Worüber haben Sie sich so geärgert, dass Sie mit der Kolumne angefangen haben?

In Grossbritannien gab es eine mächtige Kampagne gegen die kombinierte Mumps-Masern-Röteln-Impfung, die viele ethische Grenzen überschritten hat. Ein Arzt hatte in einer völlig unzureichenden Studie eine Verbindung zwischen der Impfung und Autismus hergestellt. (Anm. der Red.: Die Studie wurde diese Woche von der Zeitschrift «The Lancet» zurückgezogen.) Daraufhin machten die Medien neun Jahre Panik, obwohl es Untersuchungen mit Tausenden Probanden gab, die den Verdacht widerlegten. Und dann gibt es noch den täglichen Mist: Viren, die als Bakterien bezeichnet werden, Ahnungslosigkeit über klinische Studien, erfundene Statistiken – ich wurde dazu geprügelt, die Kolumne zu schreiben.

Was ist Ihr Ziel?

Ich muss zugeben: Es macht mir zunächst Spass, zu zeigen, dass Leute, die sich wahnsinnig gross als Experten aufspielen, Idioten sind. Aber ich versuche auch, meinen Lesern etwas wissenschaftliches Denken für den Alltag mitzugeben. Ich nehme Behauptungen, die jemand im Fernsehen, in der Zeitung oder in der Werbung gemacht hat, und untersuche, was dran ist. In diesem Prozess zeige ich der Öffentlichkeit, wie Wissenschaft funktioniert. Das Herz der Wissenschaft ist nämlich, zu kritisieren.

Sie beschäftigen sich mit der Nahrungsergänzungsmittel-Industrie. In einem Beipackzettel eines Vitaminpräparats lese ich: «Der Zusammenhang von freien Radikalen und der Entstehung unterschiedlicher gesundheitlicher Störungen ist inzwischen unbestritten.

Das beruht auf einer längst veralteten Theorie. Freie Radikale sind sehr reaktive Moleküle, die zum Beispiel unsere Erbsubstanz schädigen können. Antioxidantien wie etwa die Vitamine C, E und A können freie Radikale im Reagenzglas binden und unschädlich machen. Vor zwanzig Jahren dachte man: Prima, dann wird es also gegen Krebs und Alterserscheinungen helfen, wenn man Antioxidantien schluckt. Heute wissen wir: So einfach ist es leider nicht. Antioxidantien können sogar das Krebsrisiko erhöhen.

Den Verbrauchern werden Pillen verkauft, die vorbeugend gegen Krebs sein sollen – und die in Wirklichkeit schädlich sind?

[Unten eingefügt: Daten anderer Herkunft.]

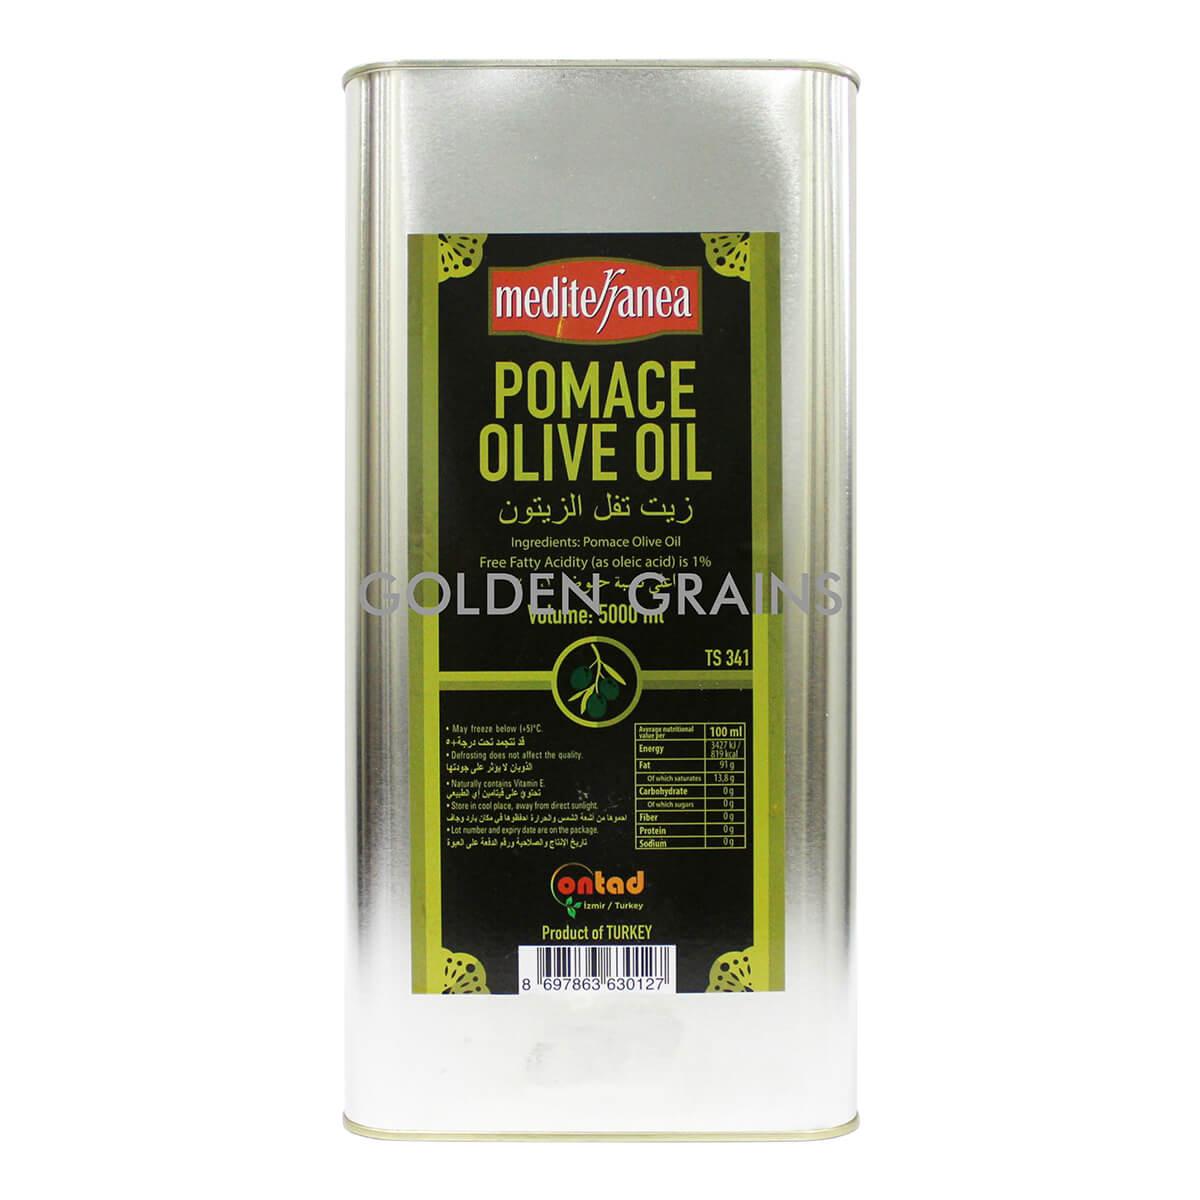 Golden Grains Mediterranea - Pomace Oil - Front.jpg

Wenn man sich alle wissenschaftlich sauberen Studien anschaut, die jemals zu Antioxidantien gemacht wurden – das umfasst 230 000 Menschen, an denen man vor allem den Effekt von Vitamin-A- und Vitamin-E-Tabletten untersucht hat –, dann zeigt sich, dass die Vitamingaben das Sterberisiko nicht etwa herabsetzen, sondern sogar erhöhen.

Das wäre ein Skandal!

Nahrungsergänzungsmittel sind längst nicht so gefährlich wie Tabak. Aber es ist schon bemerkenswert, dass Pillen, die bestenfalls wirkungslos und vielleicht sogar schädlich sind, von so vielen Menschen unkritisch geschluckt werden. Man sieht daran, wie überzogene Ernährungsideale missbraucht werden, um uns überteuerte Pillen anzudrehen. Die braucht man bestimmt nicht, um gesund zu leben. Bewegung, viel Obst und Gemüse, nicht rauchen, wenig Alkohol trinken, Übergewicht vermeiden, das sind die wichtigsten Zutaten für die Gesundheit.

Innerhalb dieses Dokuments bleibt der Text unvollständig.